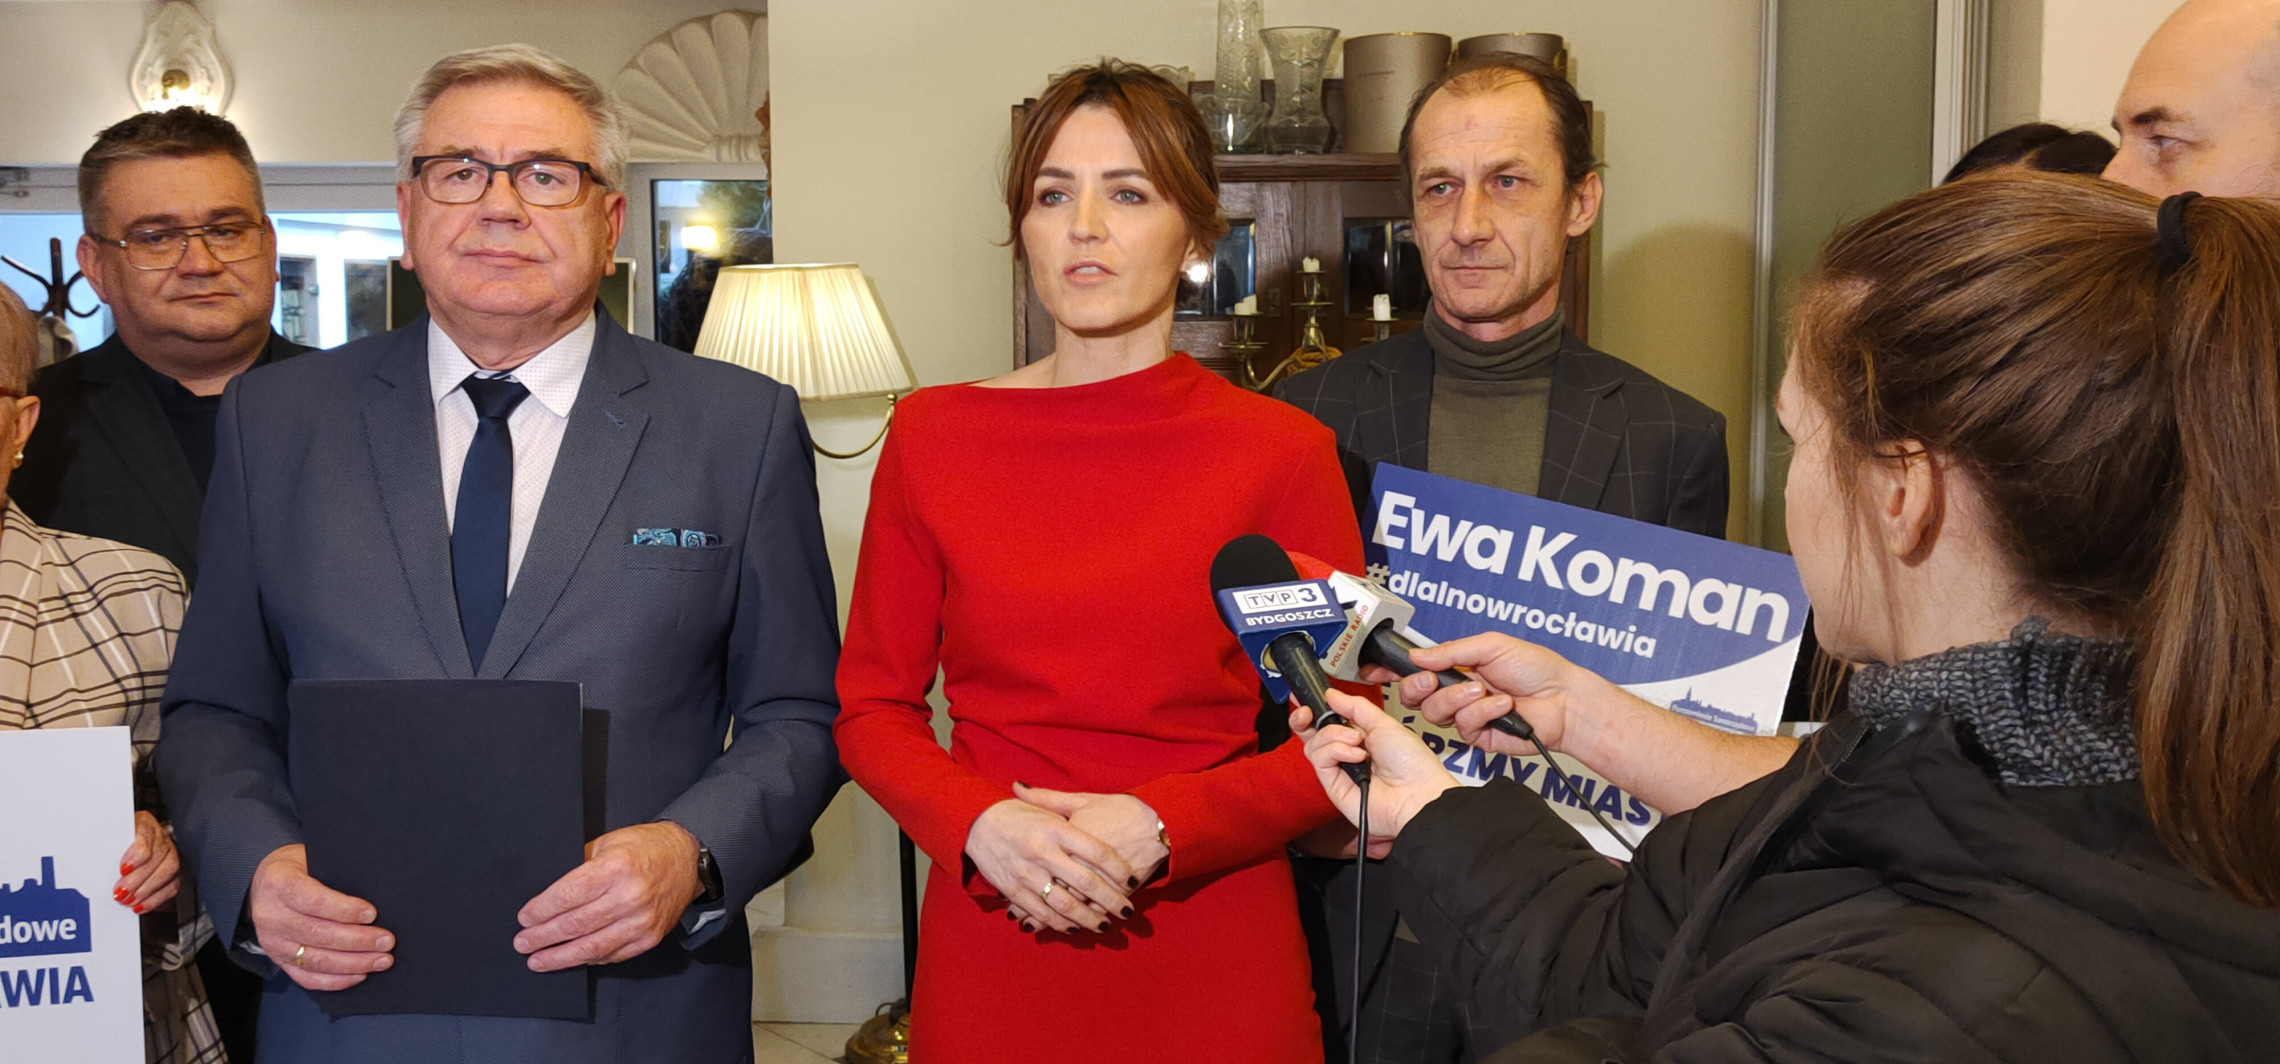 Inowrocław - Ewa Koman rezygnuje, ale nie z kandydowania. "Chcę wyprosić politykę z naszego miasta"
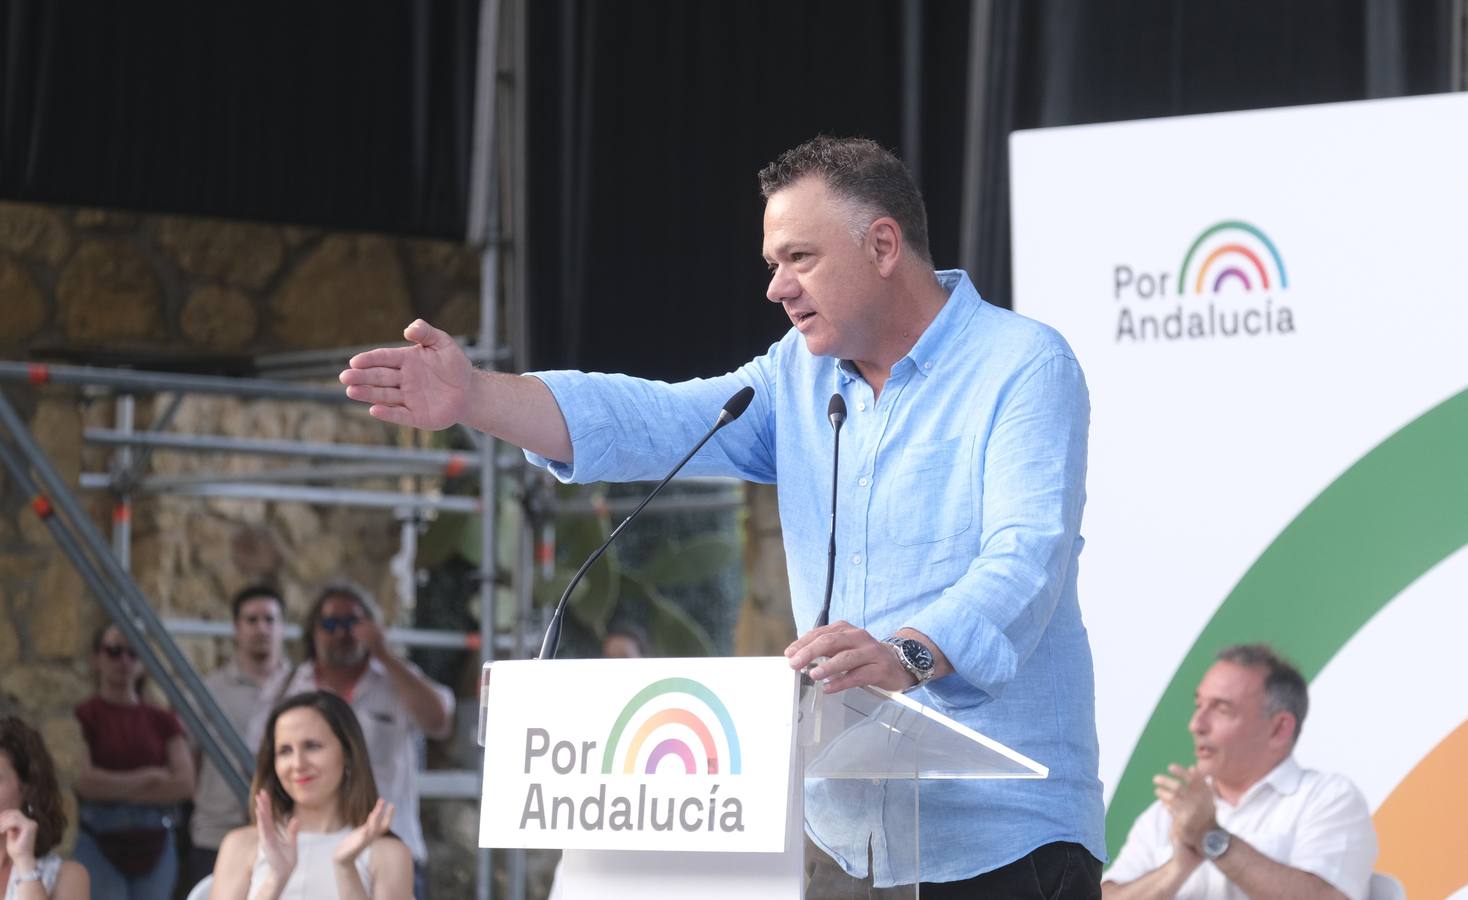 El acto de Por Andalucía con Yolanda Díaz en Córdoba, en imágenes
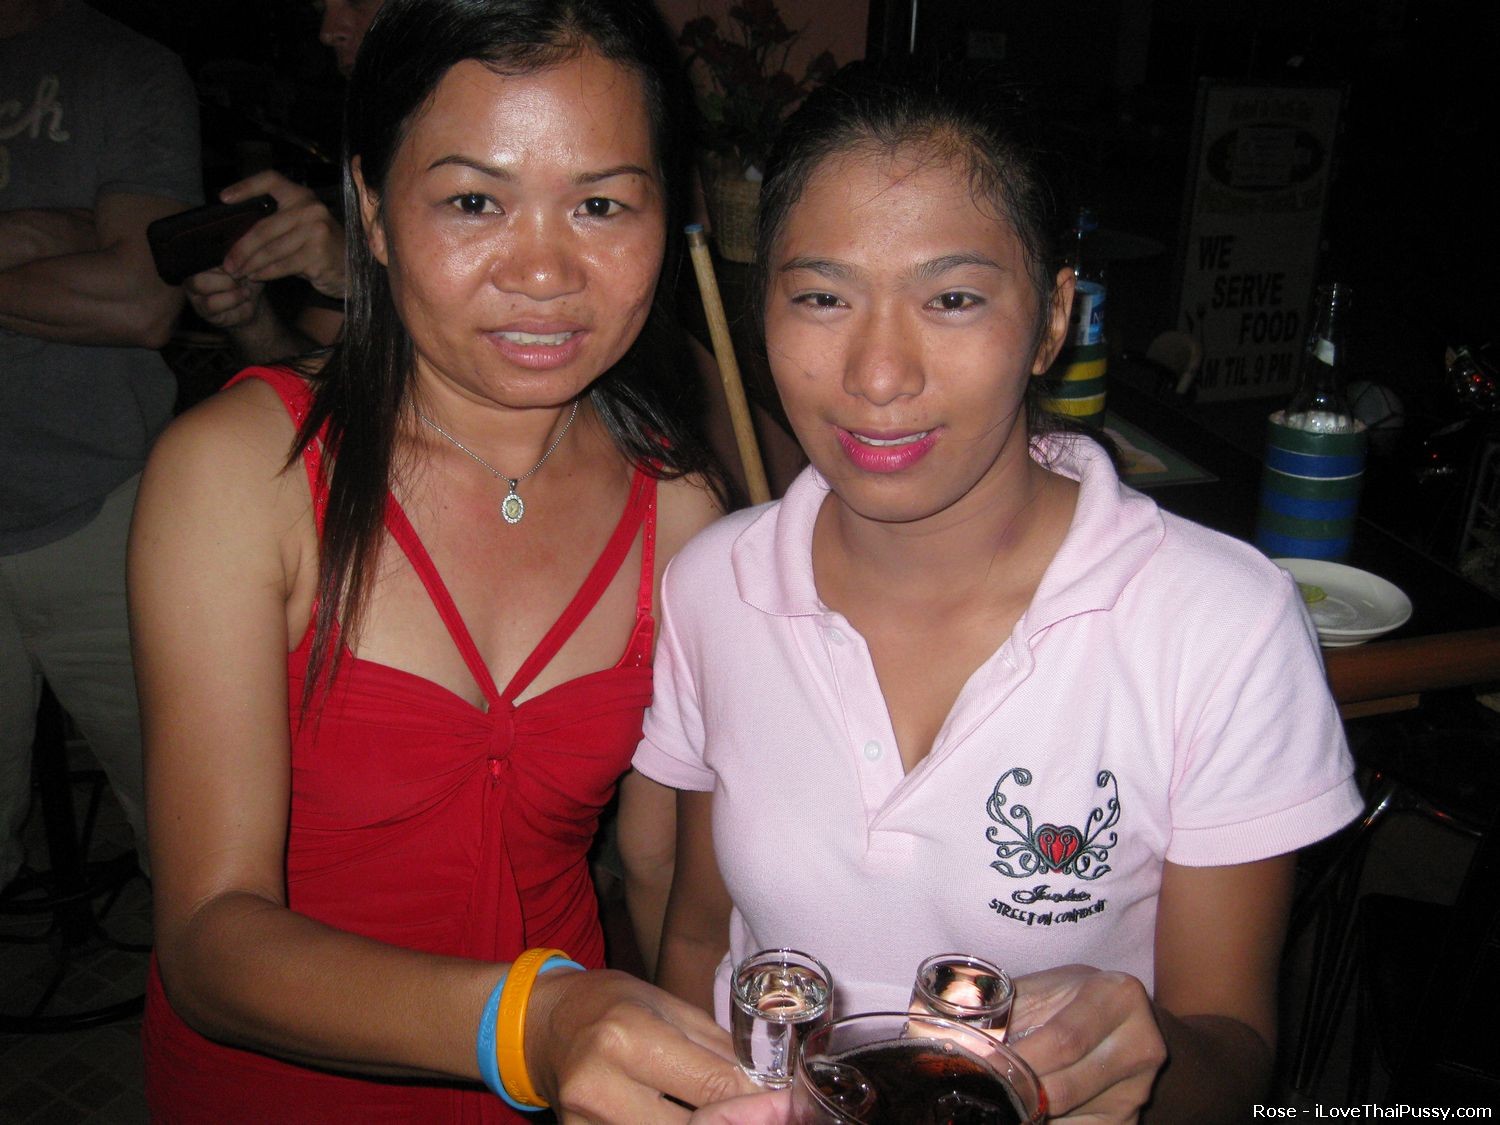 Des prostituées thaïlandaises sales baisées par un touriste sexuel suédois, salopes asiatiques interraciales
 #68382214
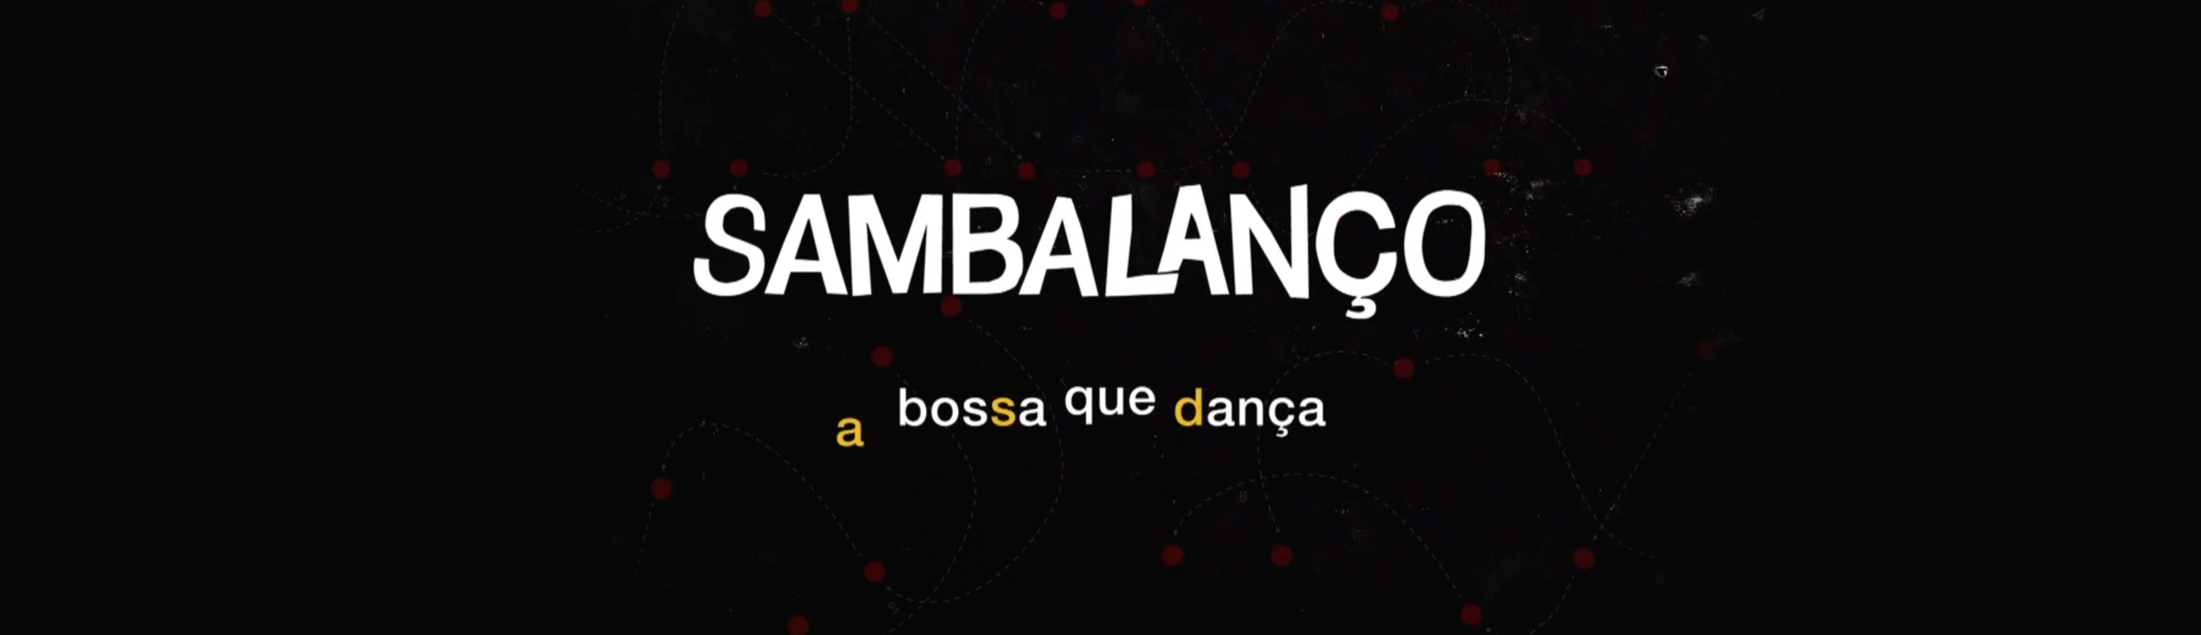 Documentário Sambalanço, a Bossa Que Dança
::::
§ TASK REQUIREMENTS:
With the pictures omitted, the entries are to be transcribed in full, exactly as they appear.

§ ANSWER TO THIS PROBLEM:
 Inowrocław - Ewa Koman rezygnuje, ale nie z kandydowania. "Chcę wyprosić politykę z naszego miasta"
 El acto de Por Andalucía con Yolanda Díaz en Córdoba, en imágenes
 Des prostituées thaïlandaises sales baisées par un touriste sexuel suédois, salopes asiatiques interraciales
 #68382214
 Documentário Sambalanço, a Bossa Que Dança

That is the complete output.